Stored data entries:
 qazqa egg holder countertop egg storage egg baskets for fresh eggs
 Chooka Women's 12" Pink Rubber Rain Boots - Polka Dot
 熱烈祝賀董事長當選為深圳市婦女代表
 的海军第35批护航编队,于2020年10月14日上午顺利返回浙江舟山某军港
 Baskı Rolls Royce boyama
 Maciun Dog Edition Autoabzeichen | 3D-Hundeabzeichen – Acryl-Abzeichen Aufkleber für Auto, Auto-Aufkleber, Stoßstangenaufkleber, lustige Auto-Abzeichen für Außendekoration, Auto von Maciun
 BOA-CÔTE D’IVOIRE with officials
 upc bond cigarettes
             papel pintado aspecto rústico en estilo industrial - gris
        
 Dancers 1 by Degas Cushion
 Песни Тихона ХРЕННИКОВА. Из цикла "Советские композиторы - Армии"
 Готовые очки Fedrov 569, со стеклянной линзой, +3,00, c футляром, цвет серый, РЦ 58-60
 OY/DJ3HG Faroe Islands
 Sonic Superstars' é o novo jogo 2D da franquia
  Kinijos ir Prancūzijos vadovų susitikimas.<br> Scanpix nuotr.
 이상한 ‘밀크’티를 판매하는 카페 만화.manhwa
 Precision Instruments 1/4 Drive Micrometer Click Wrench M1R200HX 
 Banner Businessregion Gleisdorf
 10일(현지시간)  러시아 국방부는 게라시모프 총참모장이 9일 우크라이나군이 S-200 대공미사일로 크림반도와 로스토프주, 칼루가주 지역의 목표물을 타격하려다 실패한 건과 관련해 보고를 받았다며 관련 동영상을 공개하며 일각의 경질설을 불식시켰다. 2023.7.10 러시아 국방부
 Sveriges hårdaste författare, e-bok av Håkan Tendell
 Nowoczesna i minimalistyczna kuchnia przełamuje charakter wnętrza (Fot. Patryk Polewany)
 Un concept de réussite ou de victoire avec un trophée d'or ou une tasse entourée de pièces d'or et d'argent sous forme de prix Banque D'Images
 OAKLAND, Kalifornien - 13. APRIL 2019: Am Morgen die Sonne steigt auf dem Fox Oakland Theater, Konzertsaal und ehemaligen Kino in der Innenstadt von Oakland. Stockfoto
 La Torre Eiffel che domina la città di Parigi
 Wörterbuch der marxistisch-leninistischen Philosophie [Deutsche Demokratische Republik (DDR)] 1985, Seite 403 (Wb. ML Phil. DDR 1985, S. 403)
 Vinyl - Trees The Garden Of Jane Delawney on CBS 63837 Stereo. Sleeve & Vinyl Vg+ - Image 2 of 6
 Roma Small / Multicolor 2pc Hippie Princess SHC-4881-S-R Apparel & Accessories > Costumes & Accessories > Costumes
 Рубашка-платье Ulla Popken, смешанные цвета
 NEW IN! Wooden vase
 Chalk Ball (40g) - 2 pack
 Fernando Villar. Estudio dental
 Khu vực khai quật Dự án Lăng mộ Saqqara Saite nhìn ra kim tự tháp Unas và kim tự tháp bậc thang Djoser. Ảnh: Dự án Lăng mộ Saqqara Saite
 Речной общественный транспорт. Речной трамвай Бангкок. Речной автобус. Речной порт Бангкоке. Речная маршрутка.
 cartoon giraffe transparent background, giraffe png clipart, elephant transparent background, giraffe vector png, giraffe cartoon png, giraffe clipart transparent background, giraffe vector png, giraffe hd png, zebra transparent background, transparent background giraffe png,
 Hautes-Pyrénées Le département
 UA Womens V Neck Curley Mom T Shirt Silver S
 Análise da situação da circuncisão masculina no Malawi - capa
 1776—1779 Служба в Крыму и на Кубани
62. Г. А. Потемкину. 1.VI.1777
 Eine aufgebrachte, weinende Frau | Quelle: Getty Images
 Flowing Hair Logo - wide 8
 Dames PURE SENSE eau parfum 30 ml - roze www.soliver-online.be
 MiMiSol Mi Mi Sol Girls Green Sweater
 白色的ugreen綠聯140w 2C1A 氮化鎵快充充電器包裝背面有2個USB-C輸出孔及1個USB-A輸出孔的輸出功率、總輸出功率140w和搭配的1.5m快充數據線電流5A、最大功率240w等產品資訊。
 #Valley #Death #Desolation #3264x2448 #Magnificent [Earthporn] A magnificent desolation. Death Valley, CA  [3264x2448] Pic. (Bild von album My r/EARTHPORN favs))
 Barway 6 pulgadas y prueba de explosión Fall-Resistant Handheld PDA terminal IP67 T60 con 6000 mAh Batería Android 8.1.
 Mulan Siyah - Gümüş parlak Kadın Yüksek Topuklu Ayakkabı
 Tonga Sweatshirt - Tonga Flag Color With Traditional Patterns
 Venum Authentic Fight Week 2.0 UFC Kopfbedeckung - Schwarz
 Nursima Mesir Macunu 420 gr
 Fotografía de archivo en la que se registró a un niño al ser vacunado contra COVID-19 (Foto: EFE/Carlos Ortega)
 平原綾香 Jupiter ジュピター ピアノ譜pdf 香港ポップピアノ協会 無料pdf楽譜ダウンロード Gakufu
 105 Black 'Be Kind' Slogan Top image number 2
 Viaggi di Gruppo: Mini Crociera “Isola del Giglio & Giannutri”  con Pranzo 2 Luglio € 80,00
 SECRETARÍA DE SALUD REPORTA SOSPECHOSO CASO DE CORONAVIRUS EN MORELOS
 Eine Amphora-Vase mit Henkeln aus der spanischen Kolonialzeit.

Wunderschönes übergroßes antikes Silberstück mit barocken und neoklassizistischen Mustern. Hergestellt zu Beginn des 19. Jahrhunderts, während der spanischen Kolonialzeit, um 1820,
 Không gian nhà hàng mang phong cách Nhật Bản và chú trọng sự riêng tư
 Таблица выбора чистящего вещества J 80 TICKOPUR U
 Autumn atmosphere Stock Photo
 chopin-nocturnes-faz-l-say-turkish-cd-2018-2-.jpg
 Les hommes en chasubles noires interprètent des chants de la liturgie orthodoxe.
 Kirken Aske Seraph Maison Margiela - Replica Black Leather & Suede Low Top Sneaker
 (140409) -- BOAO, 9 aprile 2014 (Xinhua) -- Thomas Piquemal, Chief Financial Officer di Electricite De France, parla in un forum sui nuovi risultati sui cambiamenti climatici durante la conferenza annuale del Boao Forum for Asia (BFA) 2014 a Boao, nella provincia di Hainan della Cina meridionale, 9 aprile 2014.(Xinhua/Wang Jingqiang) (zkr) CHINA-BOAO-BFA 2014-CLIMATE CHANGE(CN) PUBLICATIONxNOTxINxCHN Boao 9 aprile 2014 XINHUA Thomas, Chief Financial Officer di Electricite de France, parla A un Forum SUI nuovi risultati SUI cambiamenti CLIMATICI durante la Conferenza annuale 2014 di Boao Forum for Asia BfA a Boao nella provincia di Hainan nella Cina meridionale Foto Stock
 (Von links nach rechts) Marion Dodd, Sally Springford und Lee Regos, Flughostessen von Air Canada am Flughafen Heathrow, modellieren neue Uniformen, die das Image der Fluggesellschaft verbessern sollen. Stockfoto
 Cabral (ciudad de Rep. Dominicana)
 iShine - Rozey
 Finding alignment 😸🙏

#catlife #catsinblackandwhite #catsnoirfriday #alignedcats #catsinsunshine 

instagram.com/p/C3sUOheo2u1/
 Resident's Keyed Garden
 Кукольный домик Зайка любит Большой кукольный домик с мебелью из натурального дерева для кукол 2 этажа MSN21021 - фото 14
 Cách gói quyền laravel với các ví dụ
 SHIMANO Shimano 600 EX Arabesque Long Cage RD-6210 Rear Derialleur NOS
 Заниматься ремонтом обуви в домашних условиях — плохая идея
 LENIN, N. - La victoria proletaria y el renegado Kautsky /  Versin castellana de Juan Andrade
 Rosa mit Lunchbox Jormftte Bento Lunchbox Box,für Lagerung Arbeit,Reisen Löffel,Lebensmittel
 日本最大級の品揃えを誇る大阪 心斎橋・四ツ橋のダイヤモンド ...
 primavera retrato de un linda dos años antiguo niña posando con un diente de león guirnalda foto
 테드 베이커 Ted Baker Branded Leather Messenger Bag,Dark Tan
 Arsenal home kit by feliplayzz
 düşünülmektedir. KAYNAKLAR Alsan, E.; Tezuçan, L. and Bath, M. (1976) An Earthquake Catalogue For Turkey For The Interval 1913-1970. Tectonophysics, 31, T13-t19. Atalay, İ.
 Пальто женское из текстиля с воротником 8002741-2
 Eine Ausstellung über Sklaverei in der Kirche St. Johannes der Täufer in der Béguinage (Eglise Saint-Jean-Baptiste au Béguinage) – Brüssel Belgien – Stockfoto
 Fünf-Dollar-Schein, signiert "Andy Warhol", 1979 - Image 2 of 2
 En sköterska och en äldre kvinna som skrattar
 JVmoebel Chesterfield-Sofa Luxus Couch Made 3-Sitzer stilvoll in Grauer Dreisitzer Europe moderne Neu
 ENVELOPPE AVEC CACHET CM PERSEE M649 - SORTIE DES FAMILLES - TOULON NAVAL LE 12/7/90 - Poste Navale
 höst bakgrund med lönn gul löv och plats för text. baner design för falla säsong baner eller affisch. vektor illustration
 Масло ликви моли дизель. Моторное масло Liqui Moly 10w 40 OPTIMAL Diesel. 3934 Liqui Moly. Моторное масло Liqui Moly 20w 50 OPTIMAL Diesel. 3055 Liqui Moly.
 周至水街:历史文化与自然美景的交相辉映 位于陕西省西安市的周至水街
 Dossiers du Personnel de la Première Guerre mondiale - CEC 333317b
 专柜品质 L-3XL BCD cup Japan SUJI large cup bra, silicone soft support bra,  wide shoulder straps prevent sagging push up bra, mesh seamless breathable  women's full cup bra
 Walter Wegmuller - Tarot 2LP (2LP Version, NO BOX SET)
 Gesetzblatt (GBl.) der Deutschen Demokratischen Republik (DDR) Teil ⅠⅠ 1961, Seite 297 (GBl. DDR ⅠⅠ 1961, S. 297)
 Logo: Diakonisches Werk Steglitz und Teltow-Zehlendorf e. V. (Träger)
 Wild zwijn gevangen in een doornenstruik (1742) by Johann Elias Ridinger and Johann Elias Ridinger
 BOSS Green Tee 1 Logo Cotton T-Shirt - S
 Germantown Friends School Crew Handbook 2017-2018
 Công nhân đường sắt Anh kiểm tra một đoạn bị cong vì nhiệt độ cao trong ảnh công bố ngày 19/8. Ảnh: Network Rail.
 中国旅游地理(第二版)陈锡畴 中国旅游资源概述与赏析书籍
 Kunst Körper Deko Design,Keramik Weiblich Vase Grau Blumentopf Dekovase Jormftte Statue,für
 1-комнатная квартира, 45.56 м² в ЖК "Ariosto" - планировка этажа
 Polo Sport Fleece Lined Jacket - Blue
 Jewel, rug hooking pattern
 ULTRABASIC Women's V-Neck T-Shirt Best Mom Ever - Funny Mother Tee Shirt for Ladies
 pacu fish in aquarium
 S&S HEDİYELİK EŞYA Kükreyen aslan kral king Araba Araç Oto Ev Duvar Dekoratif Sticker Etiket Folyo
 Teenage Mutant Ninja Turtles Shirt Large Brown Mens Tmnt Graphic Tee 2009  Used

Problem requirements: Set the entries down again exactly, beginning with their first line and ending with the line that contains "이상한 ‘밀크’티를 판매하는 카페 만화.manhwa"; omit all other lines.

Answer space:
 qazqa egg holder countertop egg storage egg baskets for fresh eggs
 Chooka Women's 12" Pink Rubber Rain Boots - Polka Dot
 熱烈祝賀董事長當選為深圳市婦女代表
 的海军第35批护航编队,于2020年10月14日上午顺利返回浙江舟山某军港
 Baskı Rolls Royce boyama
 Maciun Dog Edition Autoabzeichen | 3D-Hundeabzeichen – Acryl-Abzeichen Aufkleber für Auto, Auto-Aufkleber, Stoßstangenaufkleber, lustige Auto-Abzeichen für Außendekoration, Auto von Maciun
 BOA-CÔTE D’IVOIRE with officials
 upc bond cigarettes
             papel pintado aspecto rústico en estilo industrial - gris
        
 Dancers 1 by Degas Cushion
 Песни Тихона ХРЕННИКОВА. Из цикла "Советские композиторы - Армии"
 Готовые очки Fedrov 569, со стеклянной линзой, +3,00, c футляром, цвет серый, РЦ 58-60
 OY/DJ3HG Faroe Islands
 Sonic Superstars' é o novo jogo 2D da franquia
  Kinijos ir Prancūzijos vadovų susitikimas.<br> Scanpix nuotr.
 이상한 ‘밀크’티를 판매하는 카페 만화.manhwa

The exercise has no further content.